Максима осторожно переложили на носилки и задвинули внутрь «Скорой». Лена вскочила следом и бережно подхватила его тяжелую руку, бессильно свесившуюся набок.
— Ты только живи, мужчина!
На поворотах мотало, ему становилось тошно, и она придерживала носилки, чтобы они не елозили. Когда он мычал от боли, она тоже что-то такое шипела, при этом сухая веснушчатая кожа на ее лице натягивалась так, что ему становилось страшно: а вдруг лопнет? Больная, что ли… Череп просвечивал сквозь кожу слишком явственно. Не так уж она красива, подумал Пушков… и не так уж молода.
Он ни о чем не жалел.
Ехали минут пять, потом встали, Пушкова вытащили наружу и понесли, Лена бежала рядом, держа его за руку, а потом ее оттеснили. Сквозь налетавшее забытье он услышал:
— Живи, мужчина!
Он задумался над этими словами и встрепенулся. Жить?..

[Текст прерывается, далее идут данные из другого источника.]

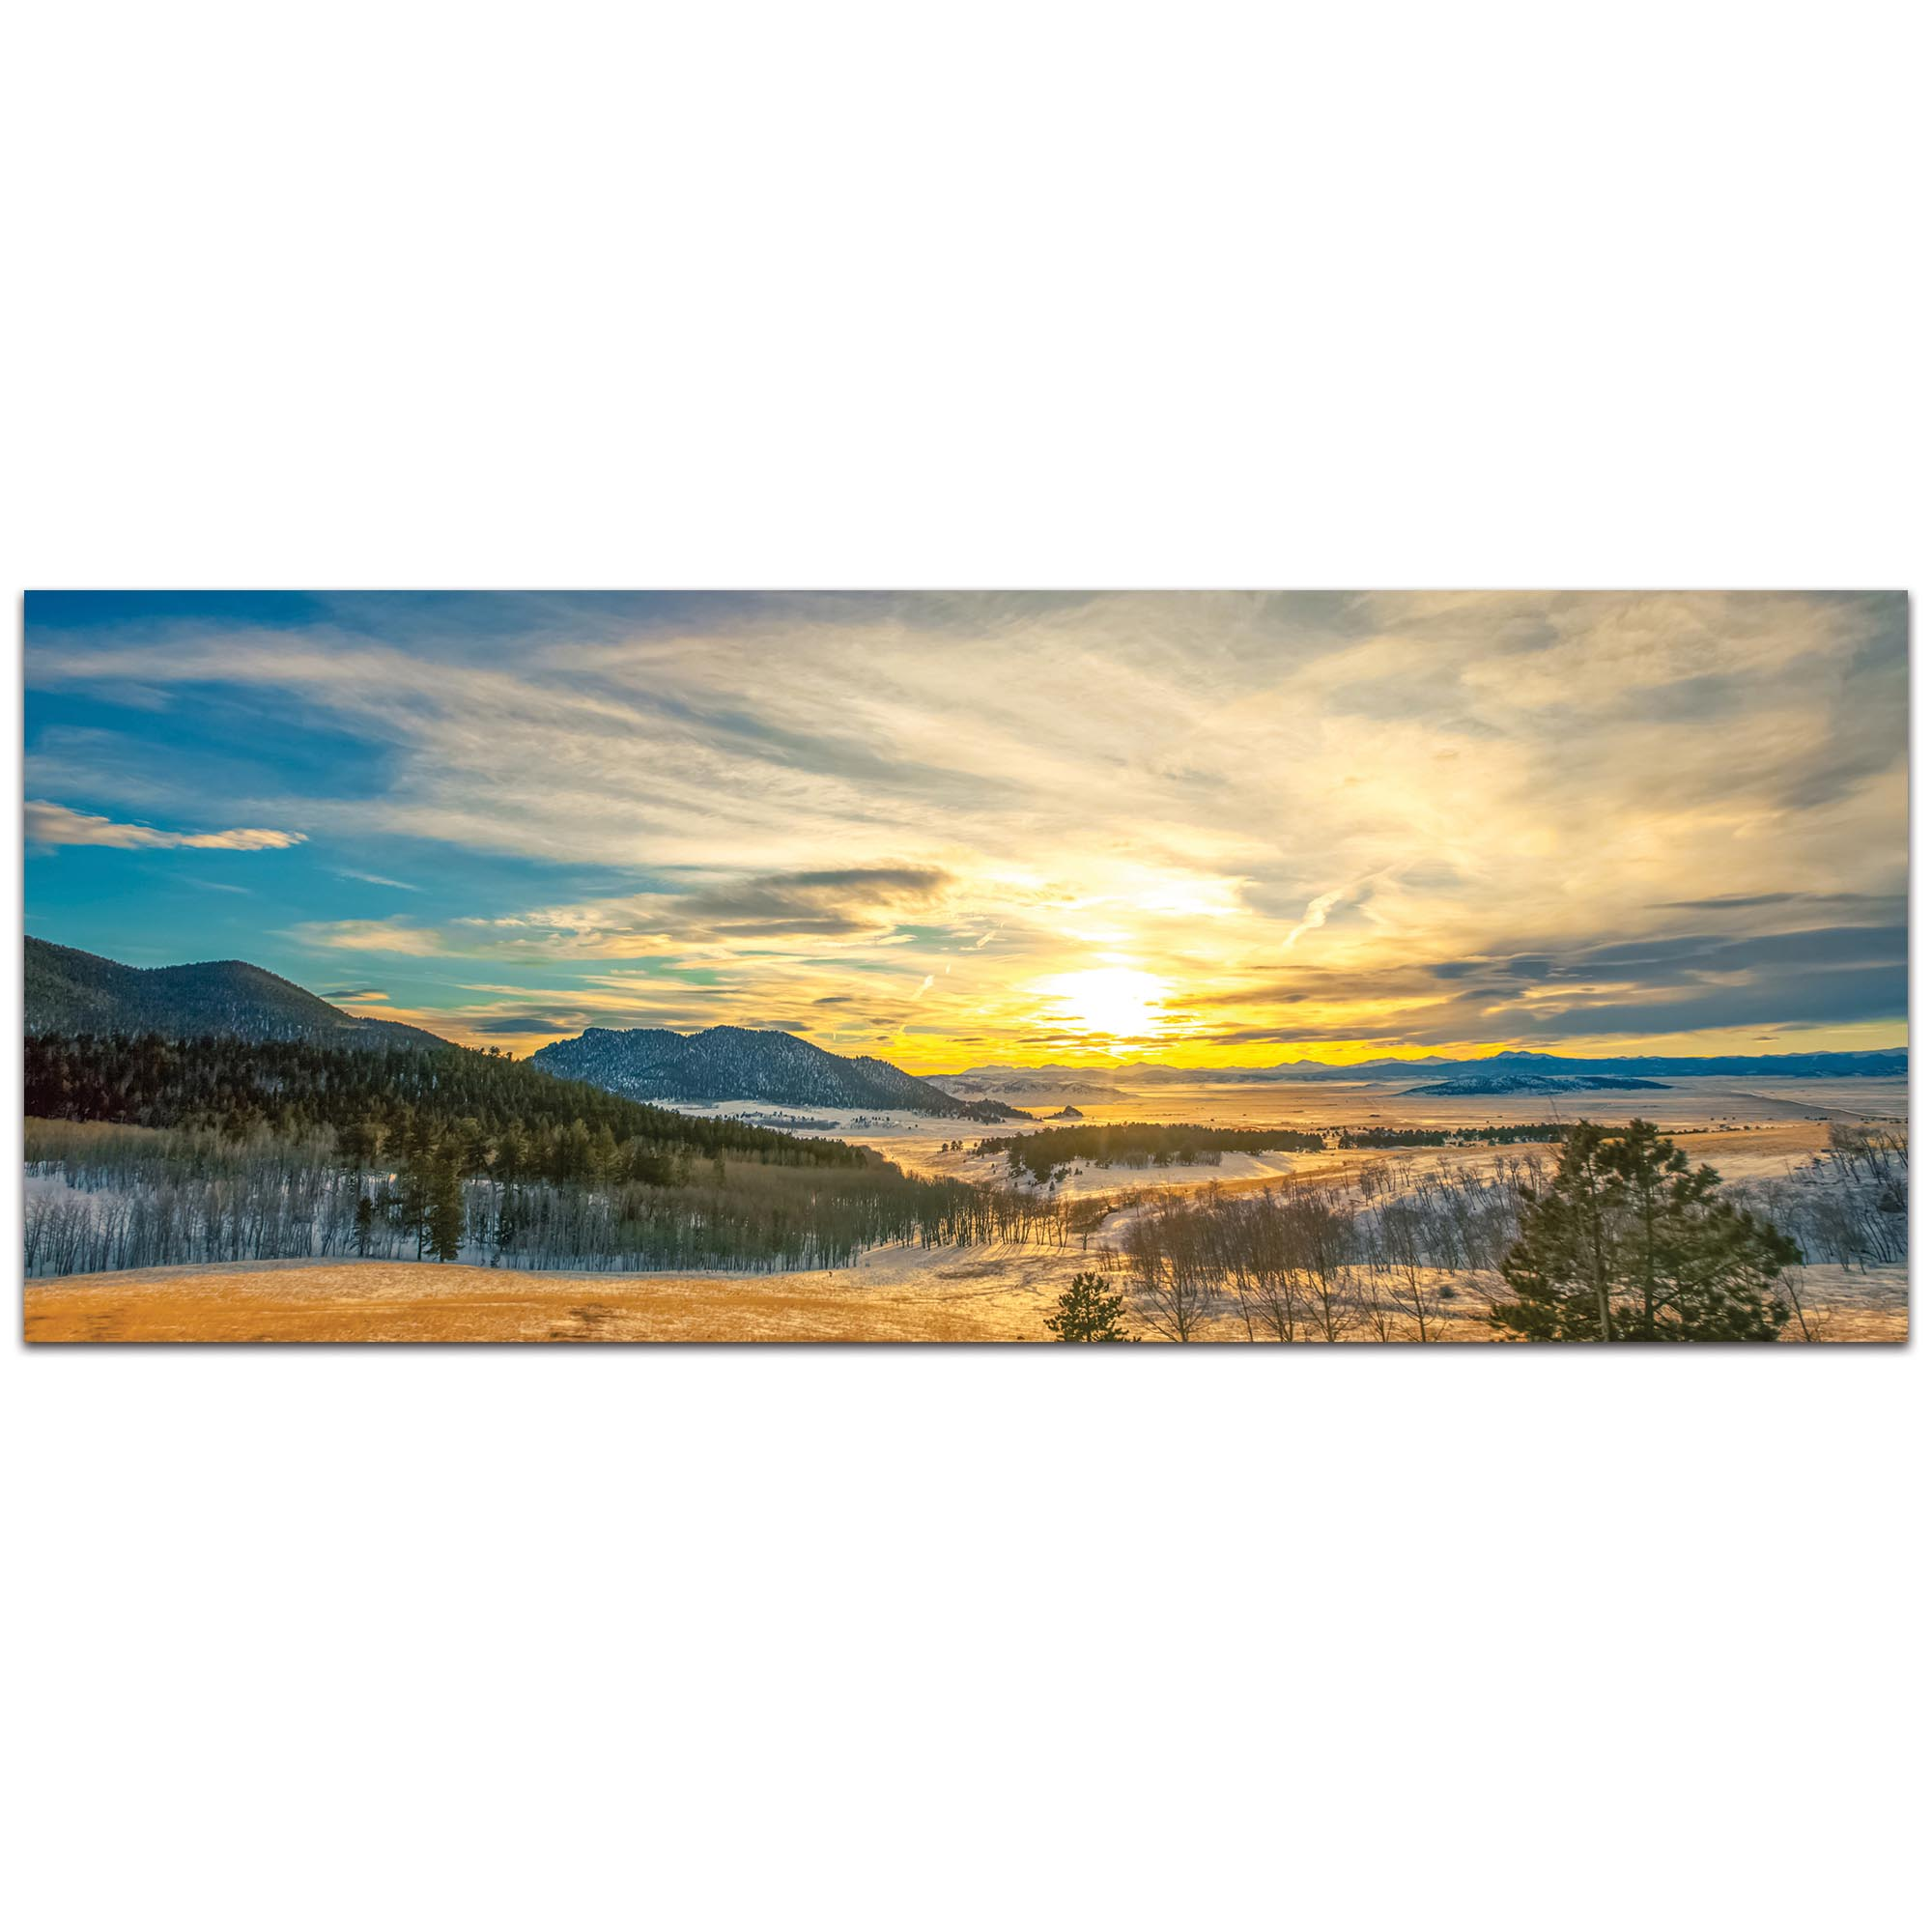 Landscape Photography 'Brisk Sunset' - Winter Sunset Art on Metal or Plexiglass

«Тот, кто заранее не решился принять неизбежную смерть, всячески старается предотвратить ее. Но если он будет готов умереть, разве не станет он безупречным?»
Готов ли я умереть теперь?
На какое-то время его бросили в коридоре одного.

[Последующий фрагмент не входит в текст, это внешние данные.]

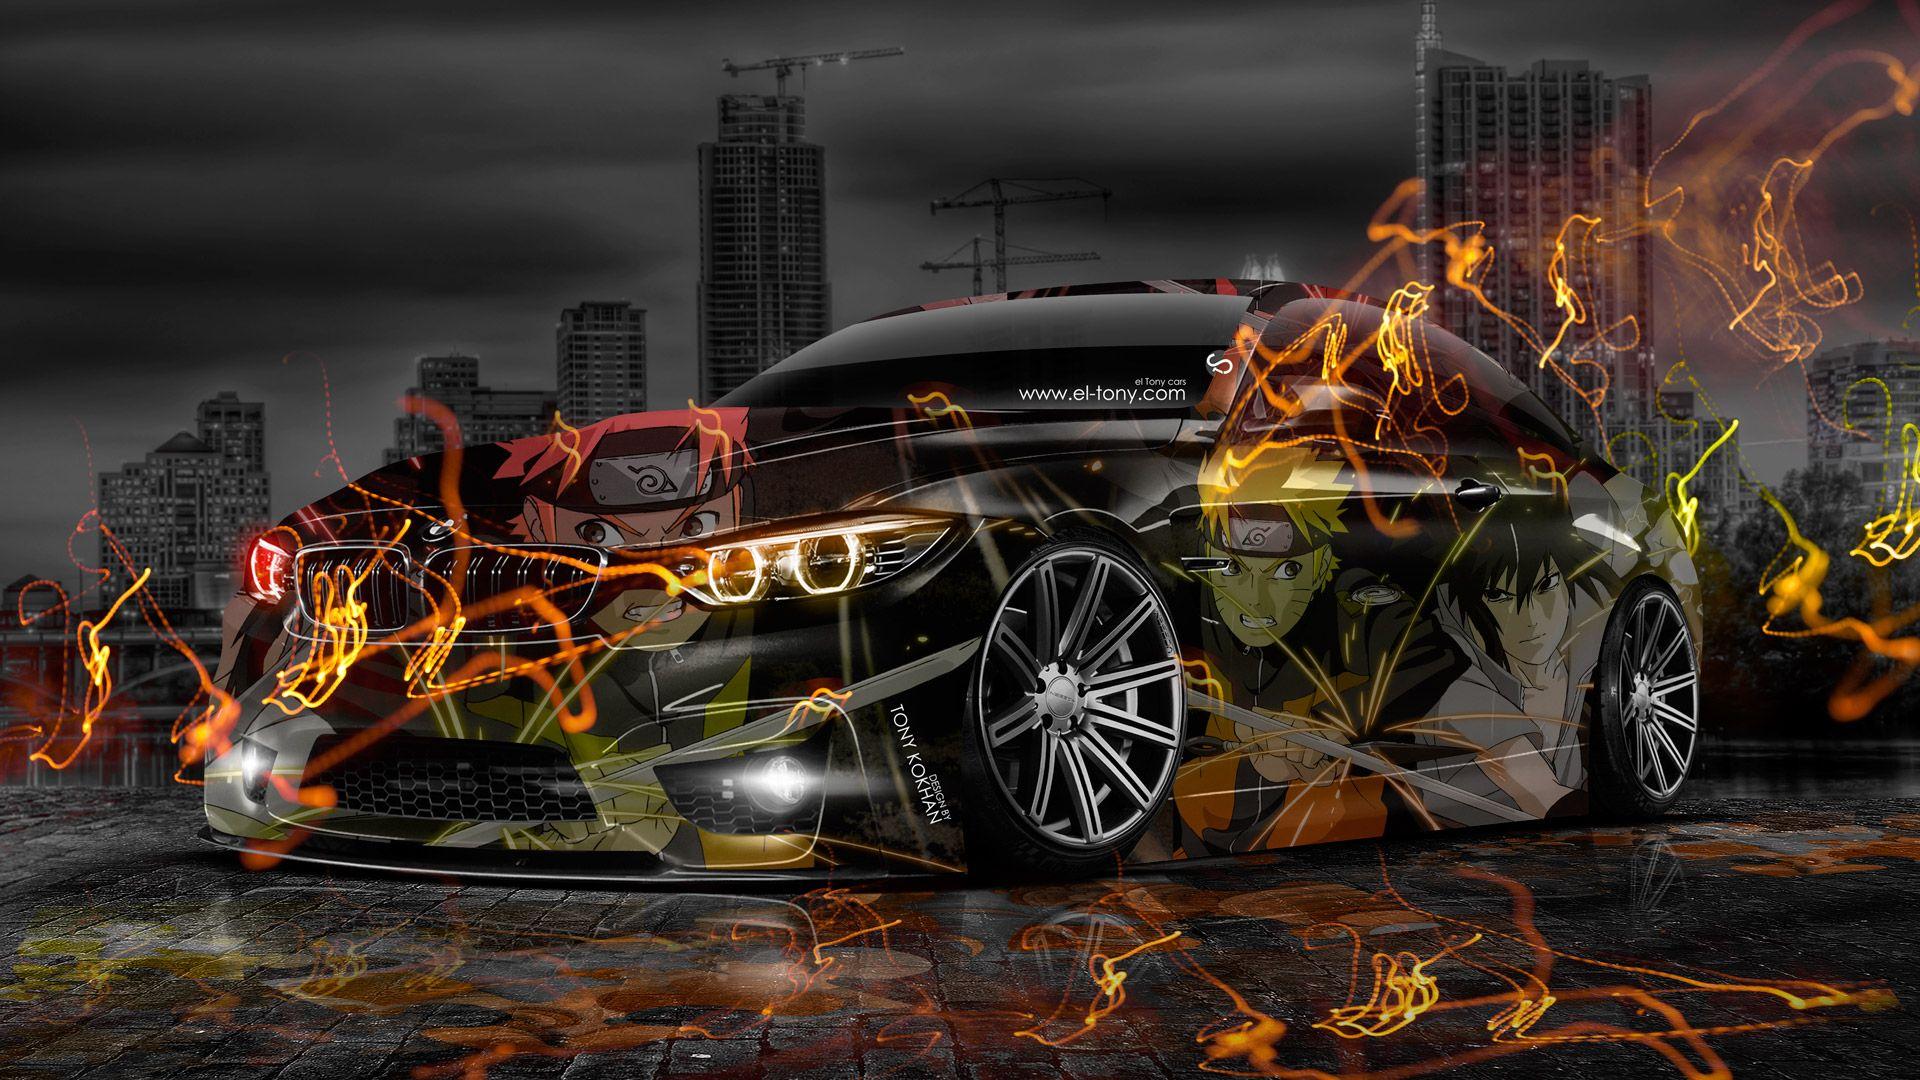 Merveilleux BMW M4 Anime Aerography Naruto City Car 2014

— Что со мной будет? — спросил он своего ангела, который, наконец-то, возник из полутьмы длинного коридора под слабой зарешеченной лампочкой; ангел проходил мимо Пушкова, разглядывая какие-то бумаги, и лицо у него при этом было словно вдавлено внутрь головы, и губы втянуты, а взгляд хмурый и рассеянный.
— А? Что? — вскинулся ангел. — А-а… Ну что, операция будет… потом следствие, показания… Ты их хоть запомнил?
— Запомнил… Так, значит, я буду жить?
— Жи-и-ить? — удивился ангел. На мгновение он поднял лицо кверху, словно о чем-то вопрошал отца своего небесного. И, получив ответ, подтвердил:
— Да, конечно. Но это еще не скоро…
Пушков почувствовал, как в его животе отменяется запущенная час тому назад реакция отключения от жизни. Он вдруг снова ощутил острое железо внутри себя. Стало нестерпимо больно, и он застонал.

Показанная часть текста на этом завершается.